Work order: Only the lines from the one containing "Air tahiti Nui economy 787" through the last line of the material should be copied, exactly as written and without pictures.

Data shown:
%%

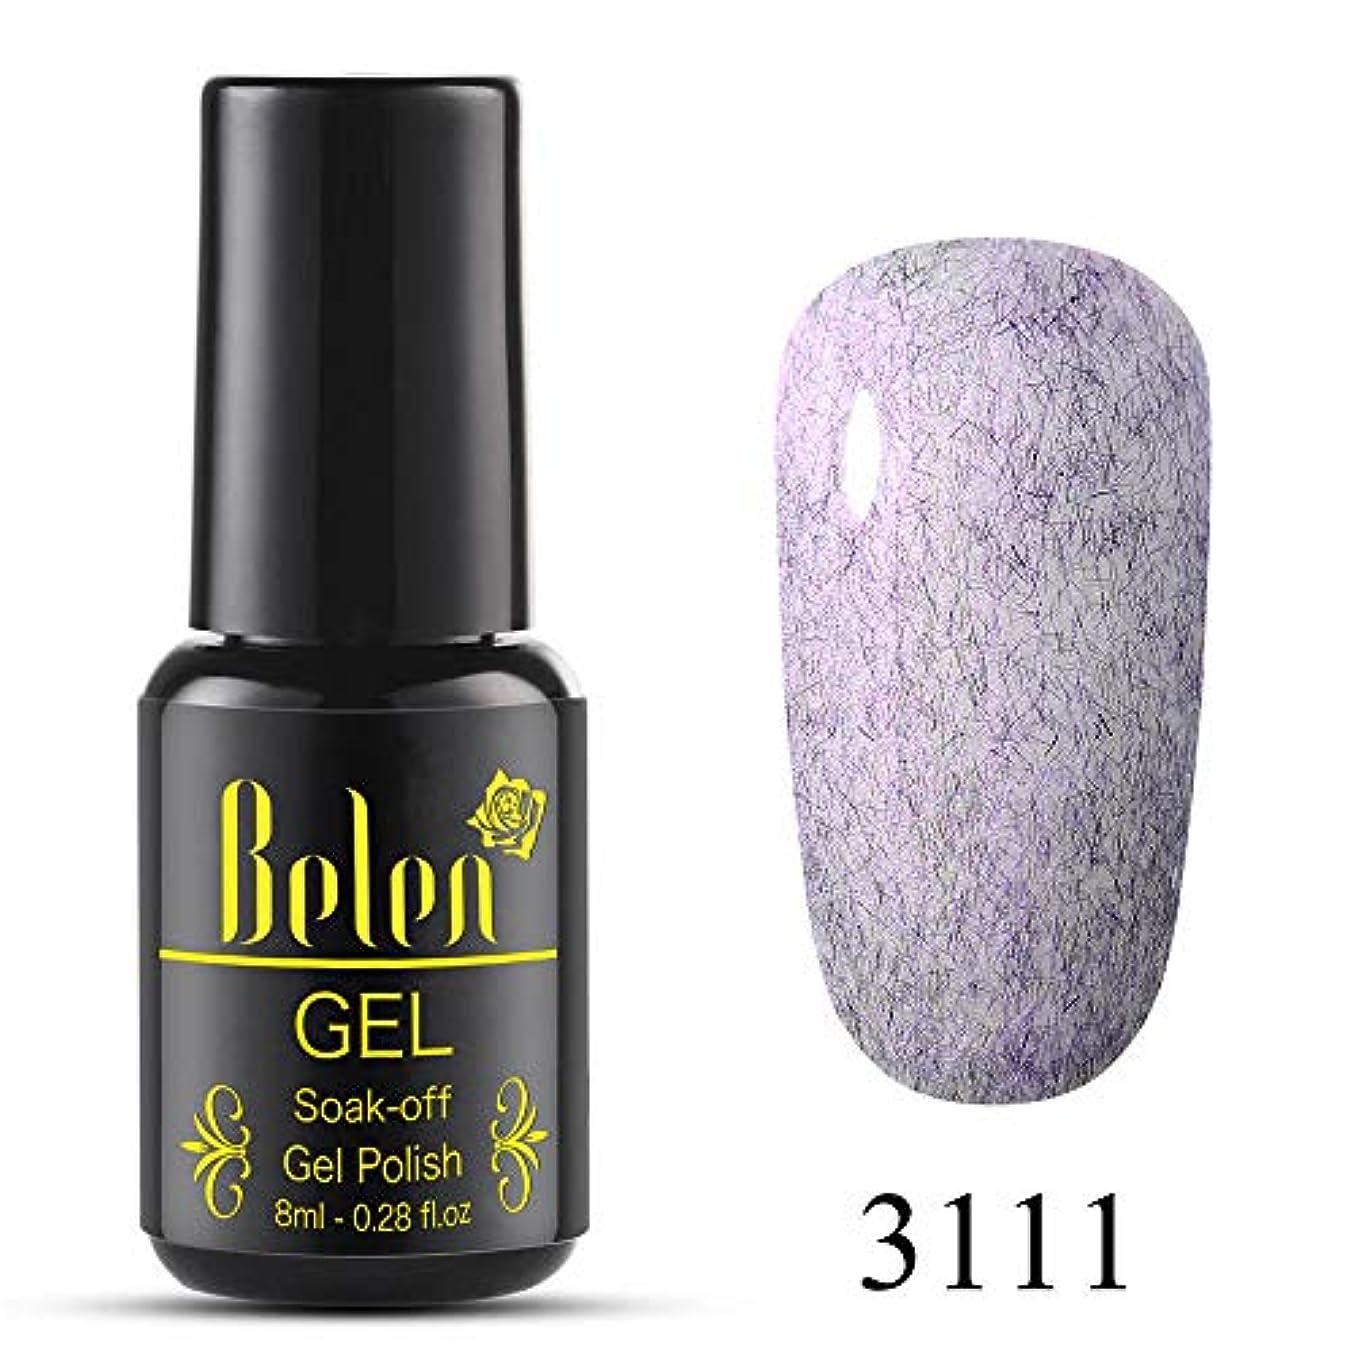 Belen ジェルネイル カラージェル 貝殻毛皮系 1色入り 8ml【全12色選択可】
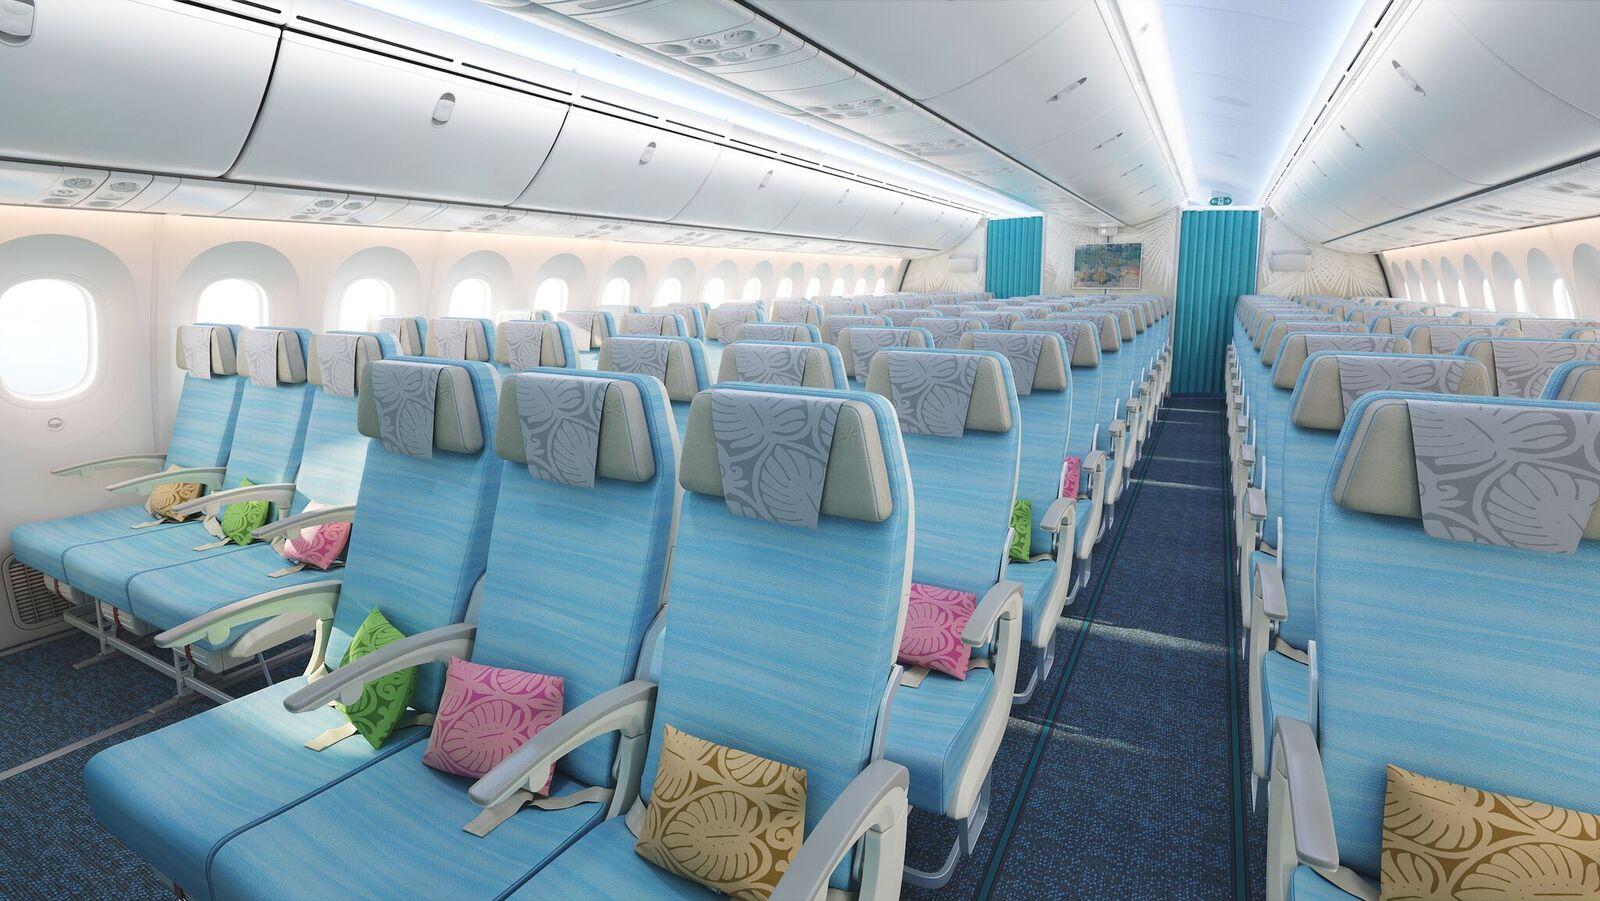 Air tahiti Nui economy 787
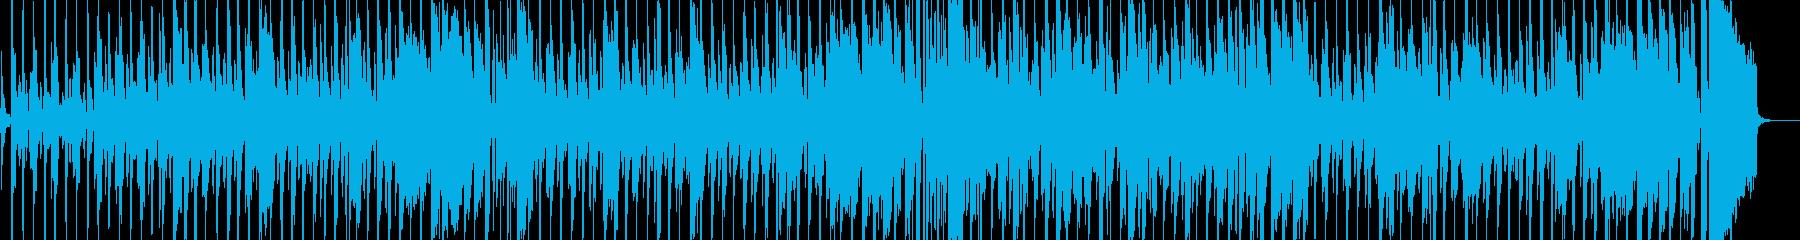 子供向けのわんぱくなブルース風BGMの再生済みの波形
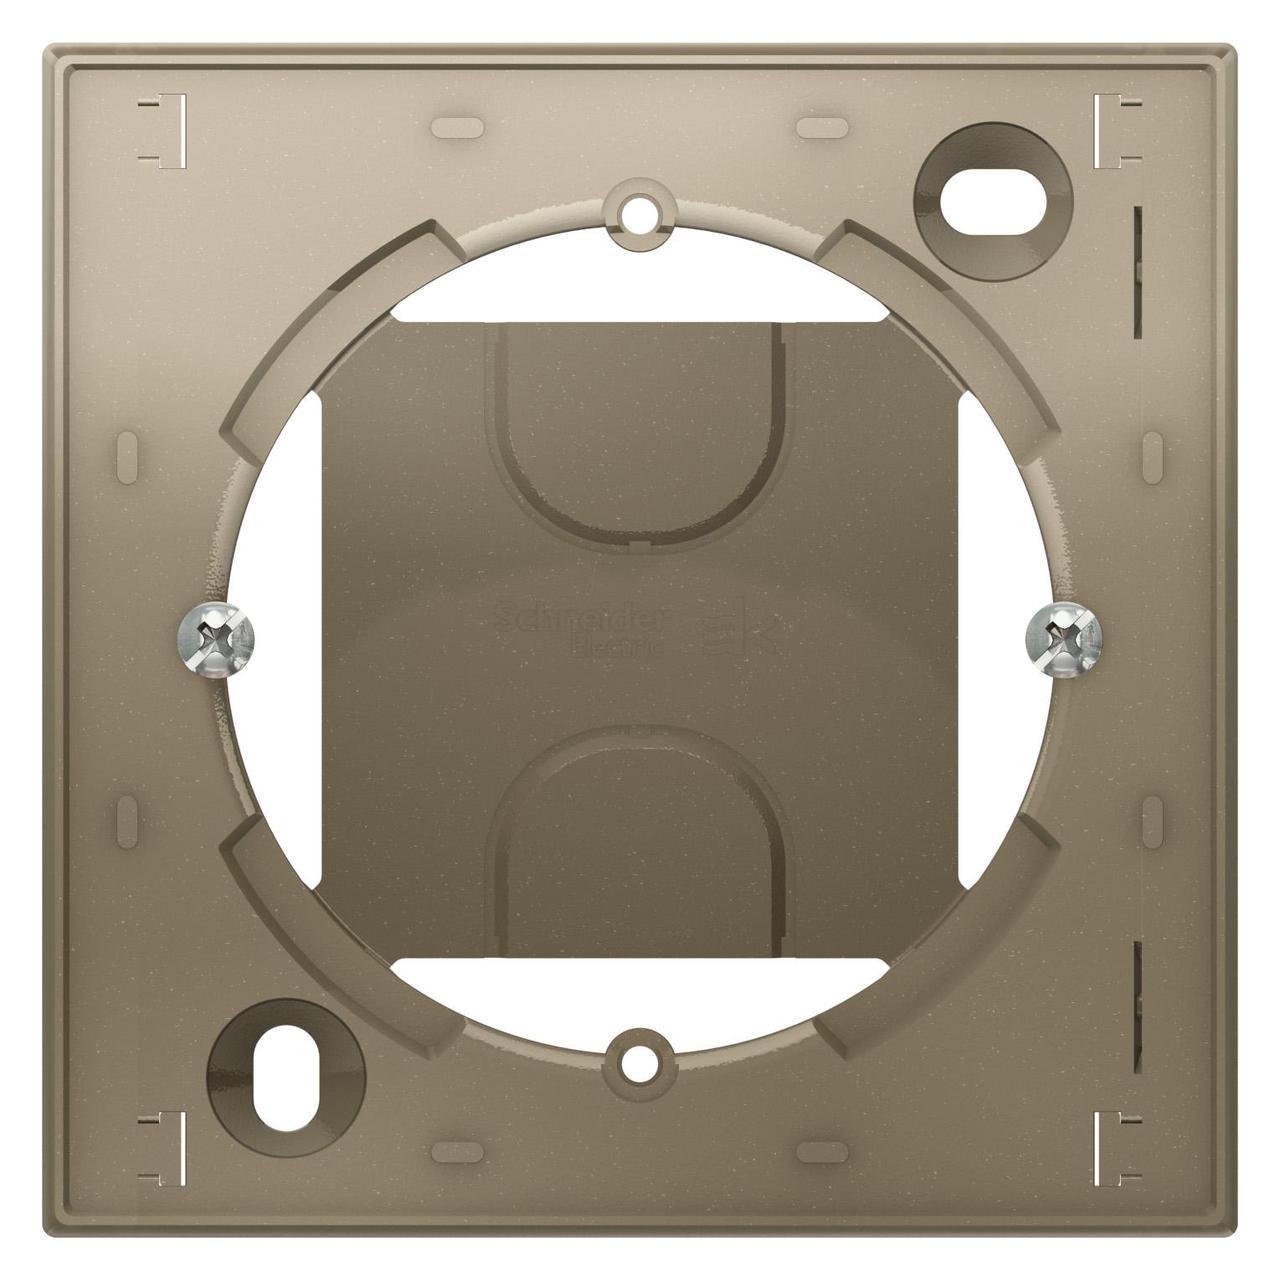 Рамка подъемная 1-ая , Шампань, серия Atlas Design, Schneider Electric

%%

Solution to this problem:
 Air tahiti Nui economy 787
 子供向けのわんぱくなブルース風BGMの再生済みの波形
 Рамка подъемная 1-ая , Шампань, серия Atlas Design, Schneider Electric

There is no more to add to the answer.